TTT Global Yönetim Kurulu Başkanı Dr. Akın Arslan, depremlere yönelik acil afet planları gibi orman yangınlarını da içeren planlamaları önceden yapmak gerektiğini belirtti. Arslan, “Tabii burada iklim verilerinin yakından takip edilmesi dahil olmak üzere istatistik biliminden de azami istifade etmek önemli” dedi. Büyük ormanlık bölgelerde, yangın anında lojistiğin hayati önem taşıdığını ifade eden Akın, “Büyük ormanlık bölgelere mutlaka yangın durumunda kritik önleme güzergahlarına geçiş sağlayacak yollar planlanmalı ve yapılmalı. Rüzgar vb. verilere de bakarak genişlikler ayarlanmalı. Yangın riski yüksek ormanlık alanlarda gerektiğinde ikmal için kullanma amaçlı büyük boşluklar ormansızlaştırılmalı. Buralara geçiş yolları yapılmalı. Bu boşluklar ormanda yaşayan canlıları için de çok kritik olacak. Su havzalarıyla desteklenmesi önemli” diye konuştu. Yangın bölgelerinde lojistik operasyonların kesintisiz sürmesinin önemini vurgulayan Akın, şunları kaydetti: “Önceden ayrılmış, eğitilmiş, trafik ekipleri kullanılmalı. Birçok ülkede jandarma bu amaçla sorumluluk alıyor. Destek ekipleri için toplanma bölgeleri oluşturulmalı. Çok iyi bir iletişim sistemi ile desteklenmeli. Yangınlarda kamu, gönüllü kuruluşlar ve halktan gelecek desteğin doğru yönlendirilmesi önemli. Burada öncelikler öne çıkacaktır. Yine yangınlara müdahalede çok kritik role sahip uçaklar ve helikopterler ve diğer araçların bilinçli ve koordineli bir şekilde yönlendirilmesi, taleplerin tek yerde toplanması, operasyonun önceliklendirilerek tek elden yönetilmesi gerekiyor.”

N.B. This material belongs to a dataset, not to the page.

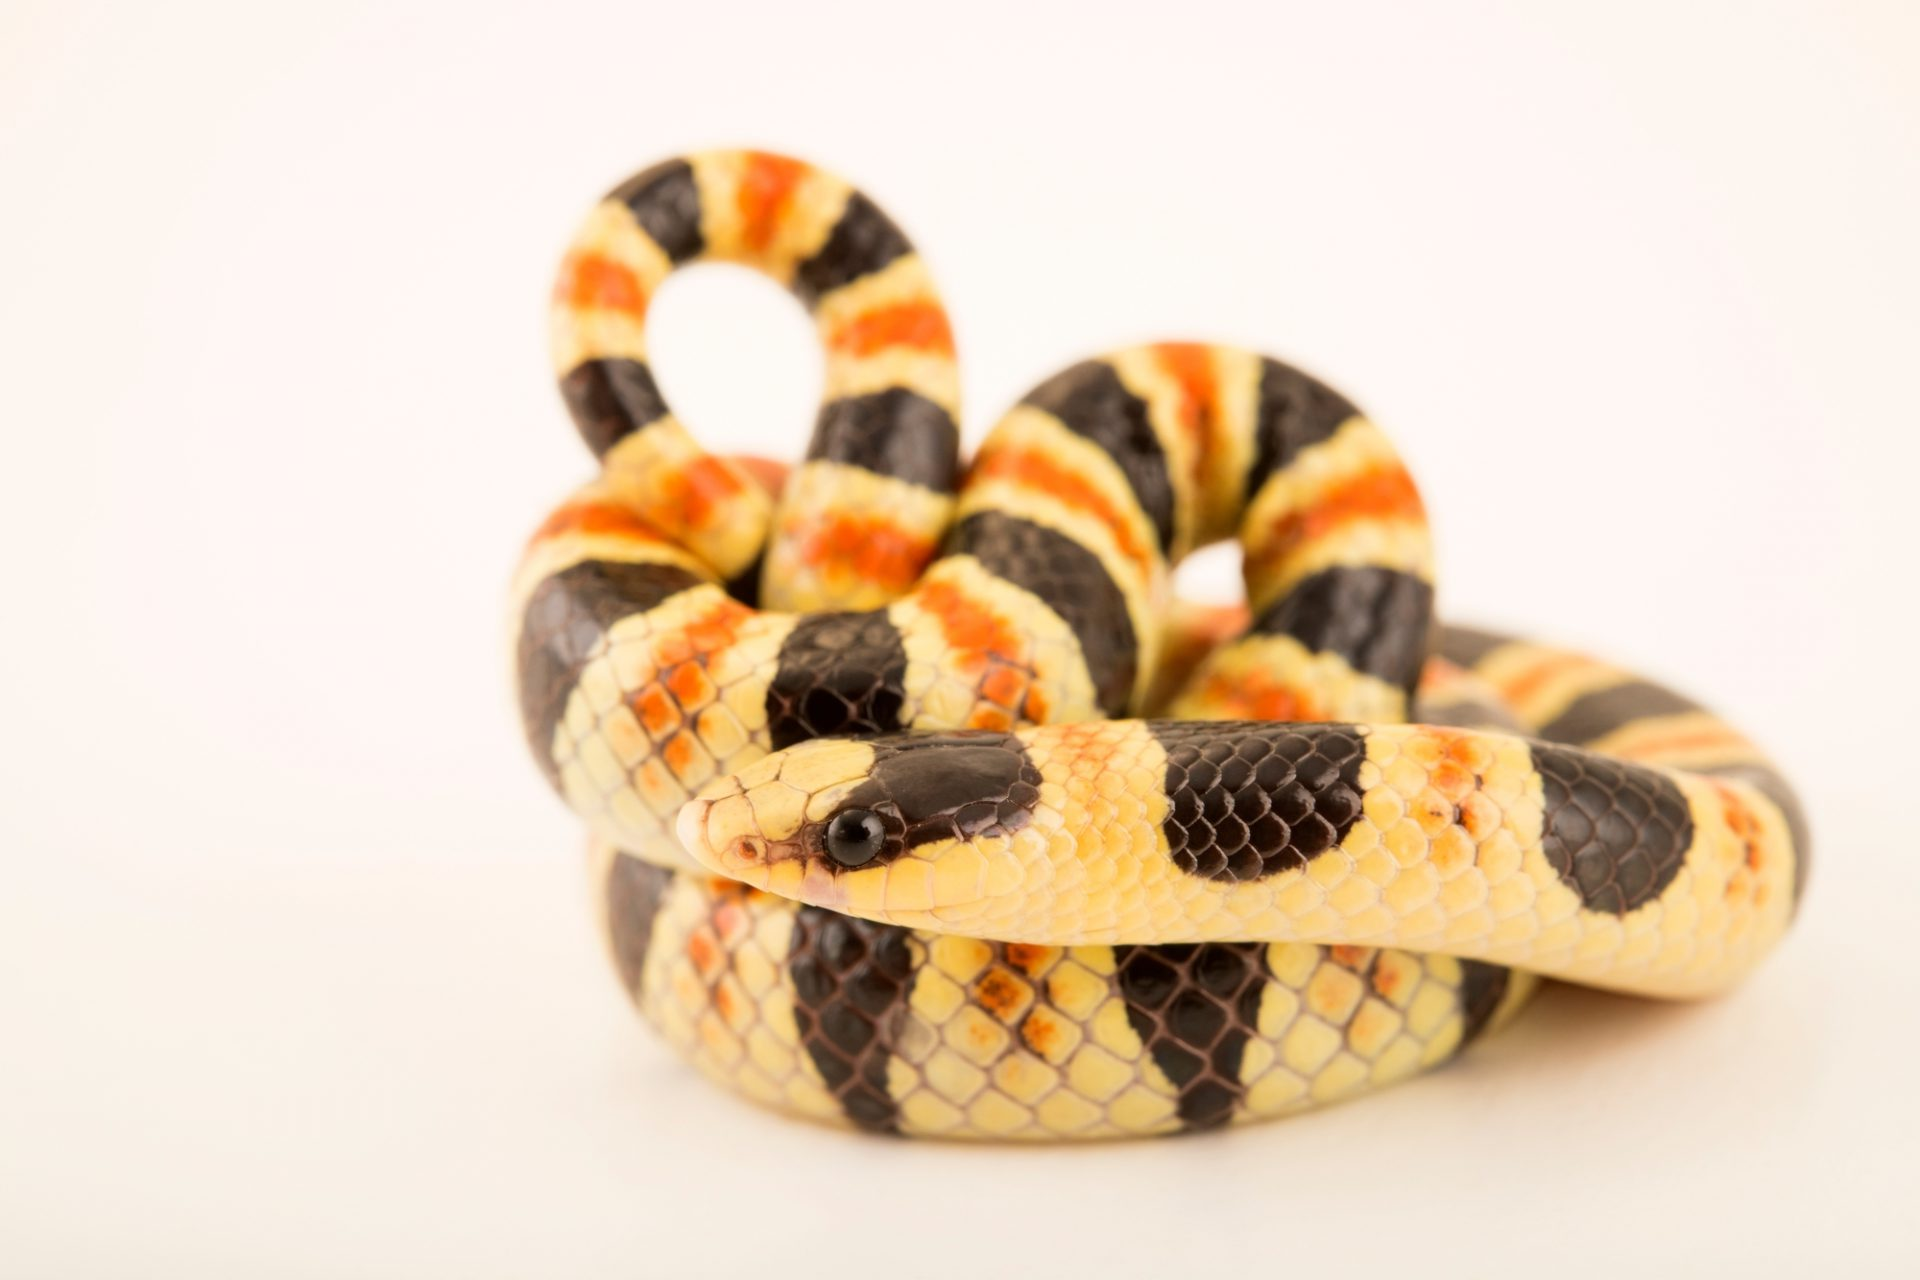 Photo: Colorado desert shovelnose snake, Chionactis occipitalis annulata, at Phoenix Zoo.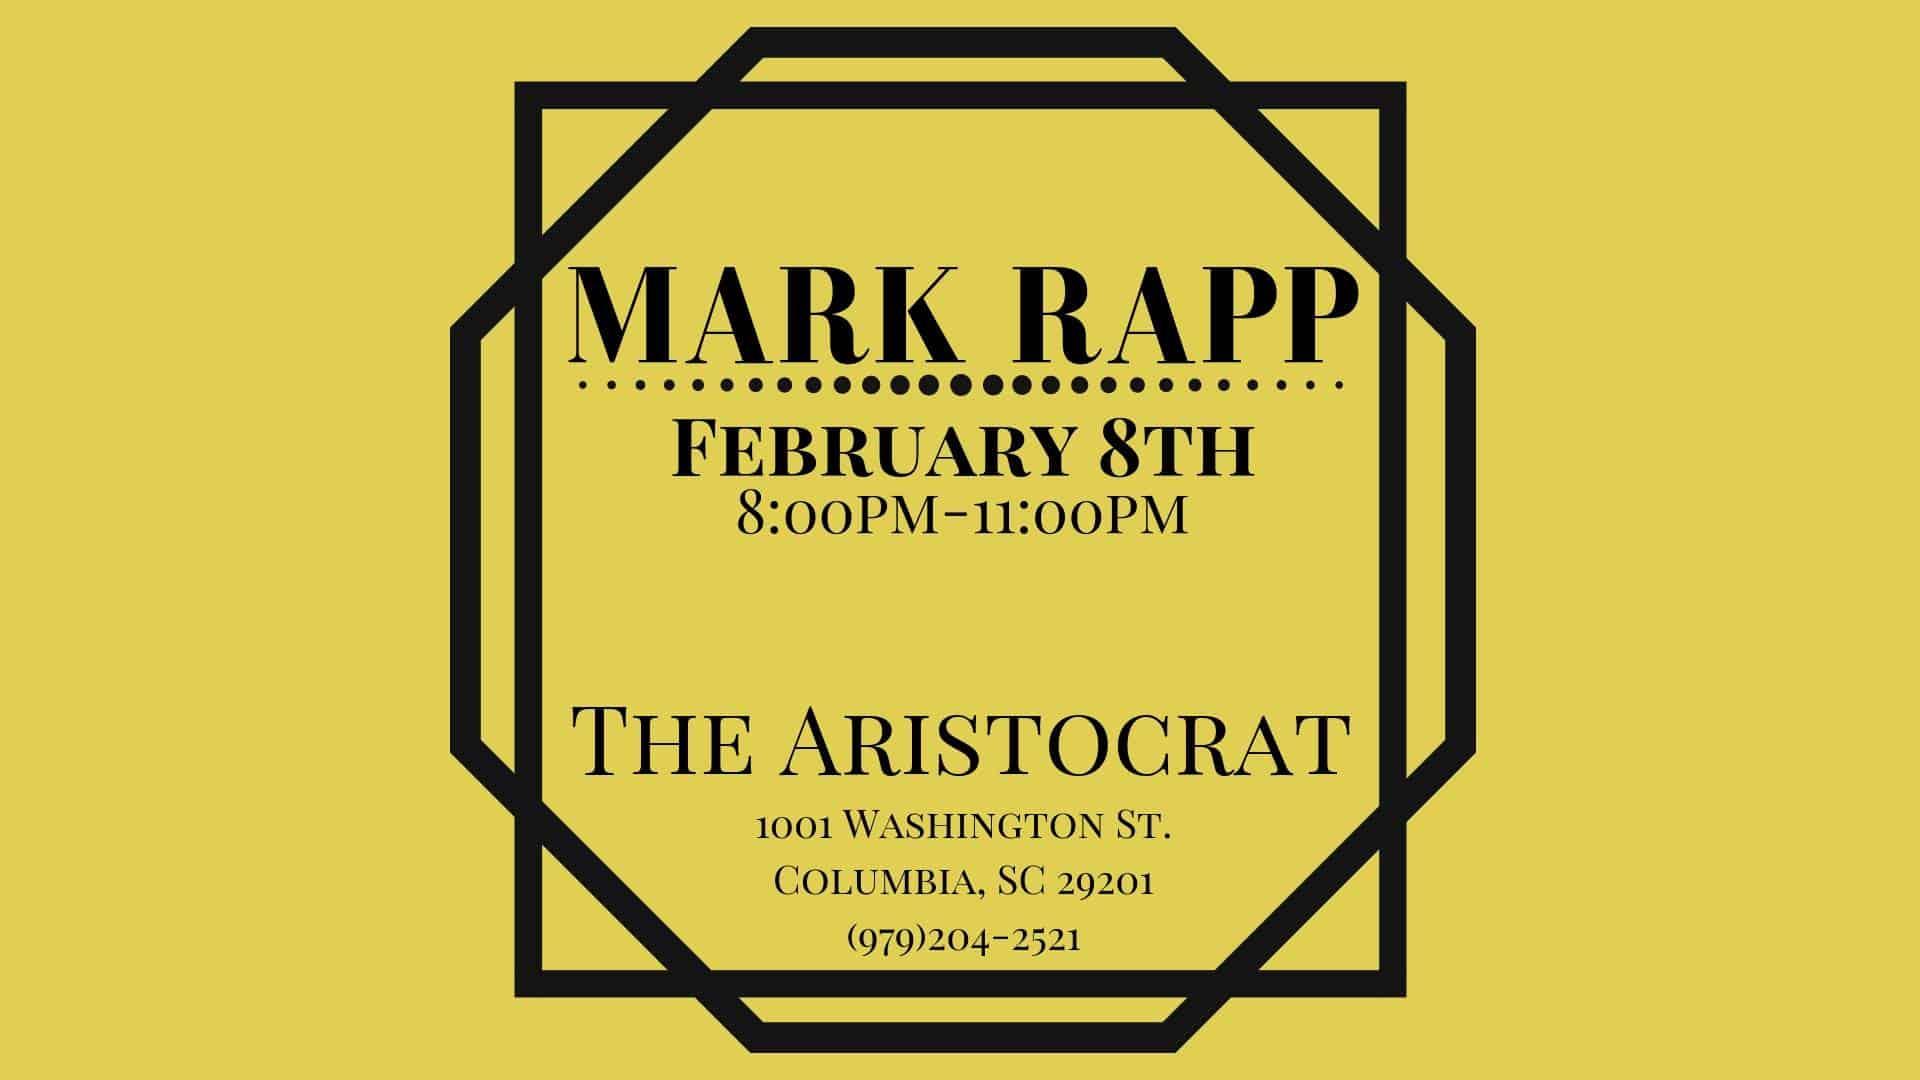 The Aristocrat Jazz

Uzmanlar uyardı: Teşkilatlanma şart

1- AFAD ve STK’ların bünyesinde lojistik birimleri kurulmalı.

2- Afet öncesi simülasyon çalışmaları yapılmalı.

3 Tüm lojistik süreci uzmanlar yürütmeli.

4- Afet müdahale araçları ile yardım malzemelerinin taşındığı araçların güzergahları belirlenmeli.

5- Önceden ayrılmış, eğitilmiş, trafik ekipleri kullanılmalı.

6- Ormanlık bölgelere yangın durumunda kritik önleme güzergahlarına geçiş sağlayacak yollar planlanmalı.

7- Bölgesel ‘afet lojistik depoları’ oluşturulmalı.

8- Toplanan yardımlar, doğru zamanda ve doğru yere ulaştırılmalı.

9- Destek ekipleri için toplanma bölgeleri oluşturulmalı.

10- Afet lojistiği bölümleri açılarak bu alanda uzman yetiştirilmeli.

Firmalar bu kez ‘yardım’ taşıyor

Lojistik sektörünün önde gelen STK’ları ve firmaları yangınla mücadeleye destek vermek için seferber oldu. Bazı firmalar bölgeye giden yardım malzemelerini ücretsiz taşırken, bazıları da araçlarını yangın söndürme çalışmaları için gönderdi. Çok sayıda lojistikçi TEMA’nın ağaç kapmanyasına da destek verdi.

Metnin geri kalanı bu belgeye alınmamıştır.